Republicans have panned these speeches. Senate Minority Leader Mitch McConnell said the economic refocus caused "a collective bipartisan eye roll," while House Speaker John Boehner called the refocus "an Easter Egg with no candy in it."

The news conference is another opportunity for Obama to push his economic agenda while Congress is away.

"I think he wants to set the table for the big fights in the fall, and he's been doing that out on the road, and here is a chance for him to do it in the White House briefing room," Crowley said.

After Congress returns to Washington after its five-week summer recess, one of the first things lawmakers must do is fund the government past September 30, when the 2013 fiscal calendar ends. Because of marked differences between the House and Senate on spending, that is expected to be a major fight.

On top of that, most budget experts expect that the debt ceiling -- the limit on the amount of national debt the United States is allowed to carry -- will need to be raised sometime between mid-October and mid-November.

The lines are drawn -- Obama told Democrats on Capitol Hill last week that he won't negotiate on the debt ceiling, and some Republicans, like Sen. Ted Cruz of Texas, have threatened to shut down the government over the debt ceiling and budget bills as a way to continue their attack on Obamacare.

"There are some Democrats, some in the media and some Republicans who portray a shutdown as a horrible calamity," Cruz said at a recent Heritage Foundation speech. "I think the term 'shutdown' is a misnomer. It's actually a partial, temporary shutdown. We have seen them before."

And then there is Russia's harboring of Snowden, the former NSA contractor who leaked government secrets to the media. Obama has commented on the ongoing issue but has not made a public statement on the country's decision to grant Snowden temporary asylum.

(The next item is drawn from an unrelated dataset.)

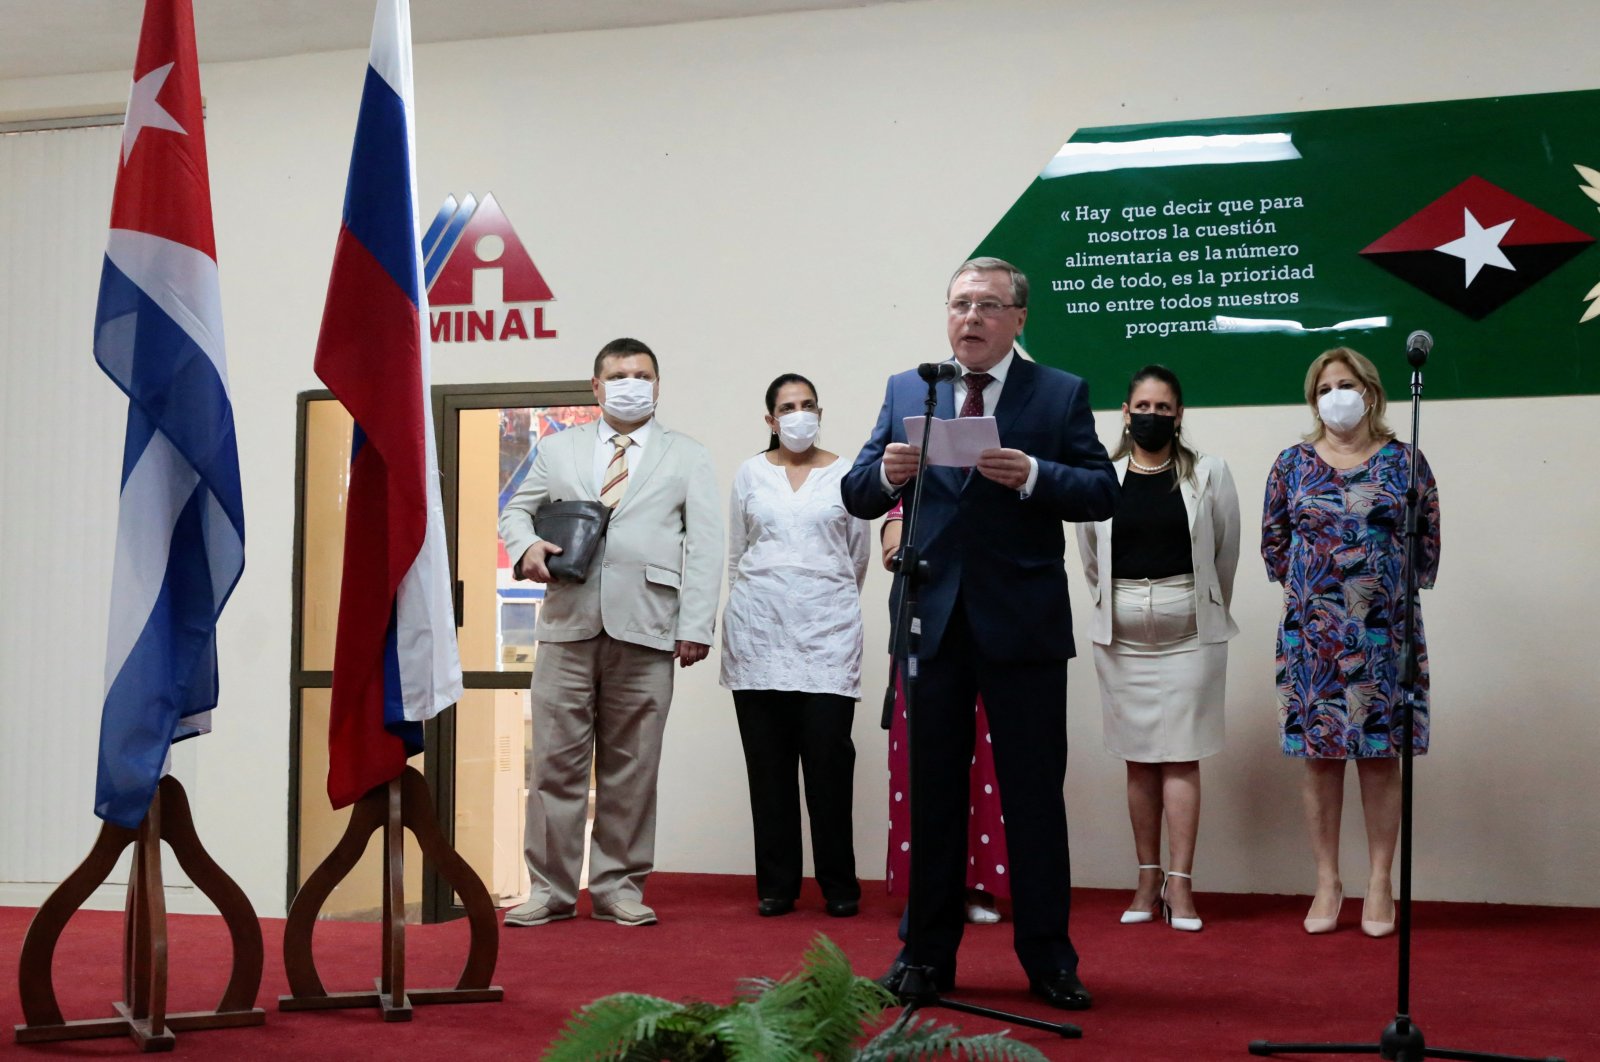 Russian Ambassador to Cuba Andrei Guskov speaks during a ceremony for the donation of wheat to Cuba, amid the Russian invasion of Ukraine, in Havana, Cuba, April 21, 2022. (REUTERS Photo)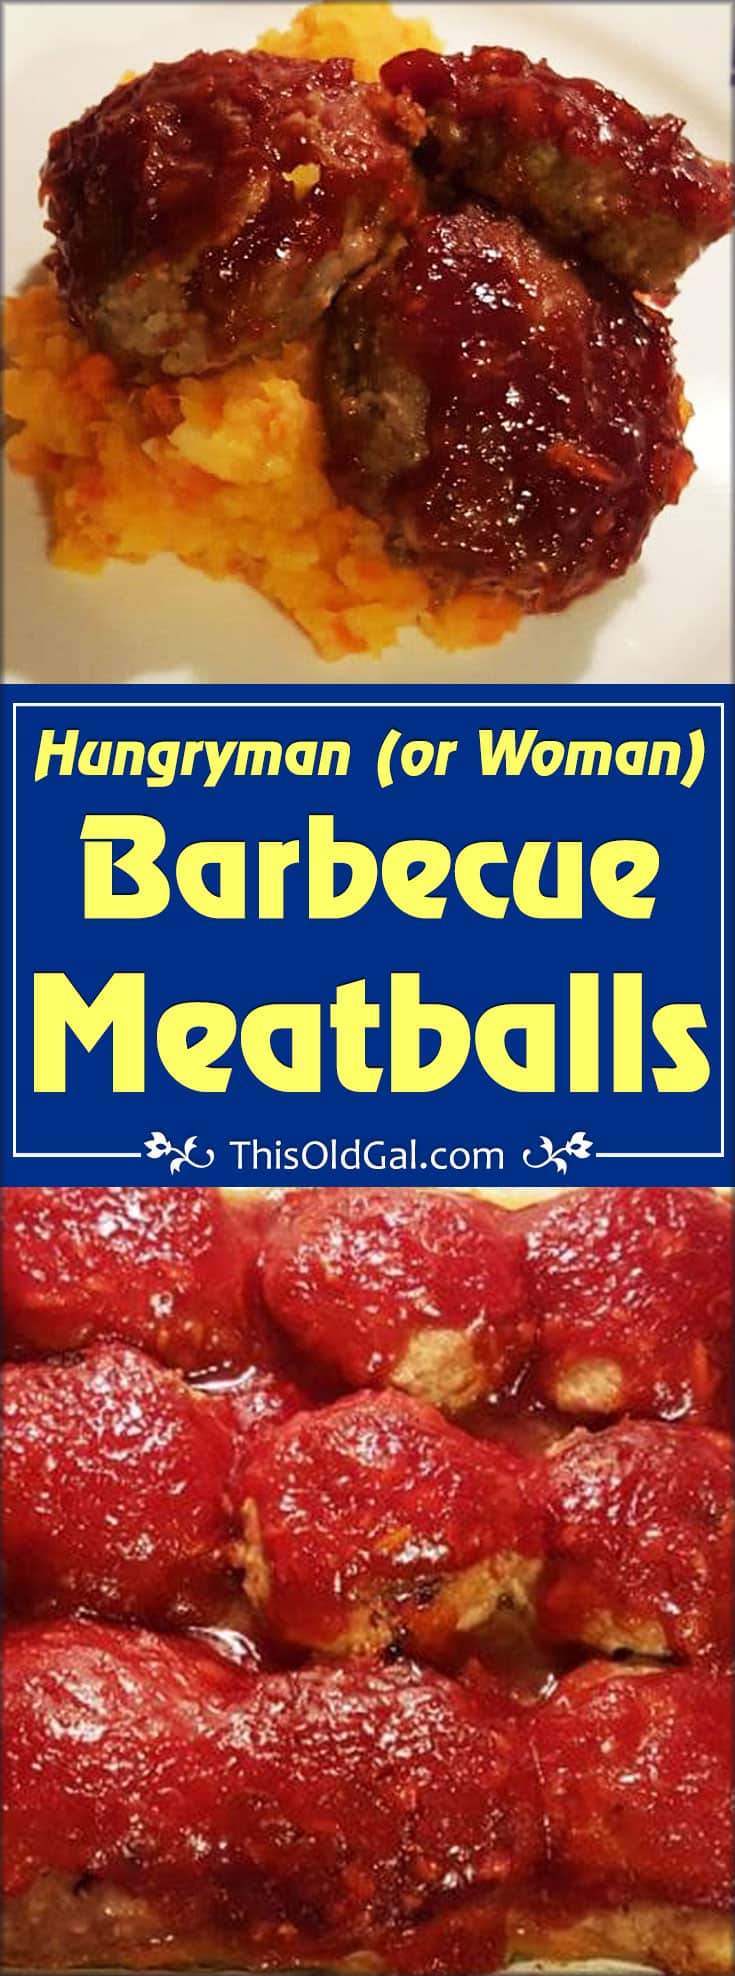 Hungryman (or Woman) Barbecue Meatballs

Earlier this week, the White House canceled a much-discussed visit to Moscow next month for talks with Russian President Vladimir Putin, citing a lack of progress in bilateral relations since Putin regained the presidency a year ago. Although the president will still travel to Russia, he will not meet directly with Putin.

White House officials acknowledge that Russia's decision to grant Snowden asylum was a factor in the decision.

Obama has faced criticism for not being tougher with Russia in the past, but as Crowley points out, the country is too important on a number of issues to ignore.

"One of his (Obama's) legacies is that he would like to bring down those nuclear arsenals," Crowley said. "You can't do that unless the other person's at the table, and that's Russia."

CNN's Candy Crowley, Elise Labott and CNNMoney's Jeanne Sahadi contributed to this report.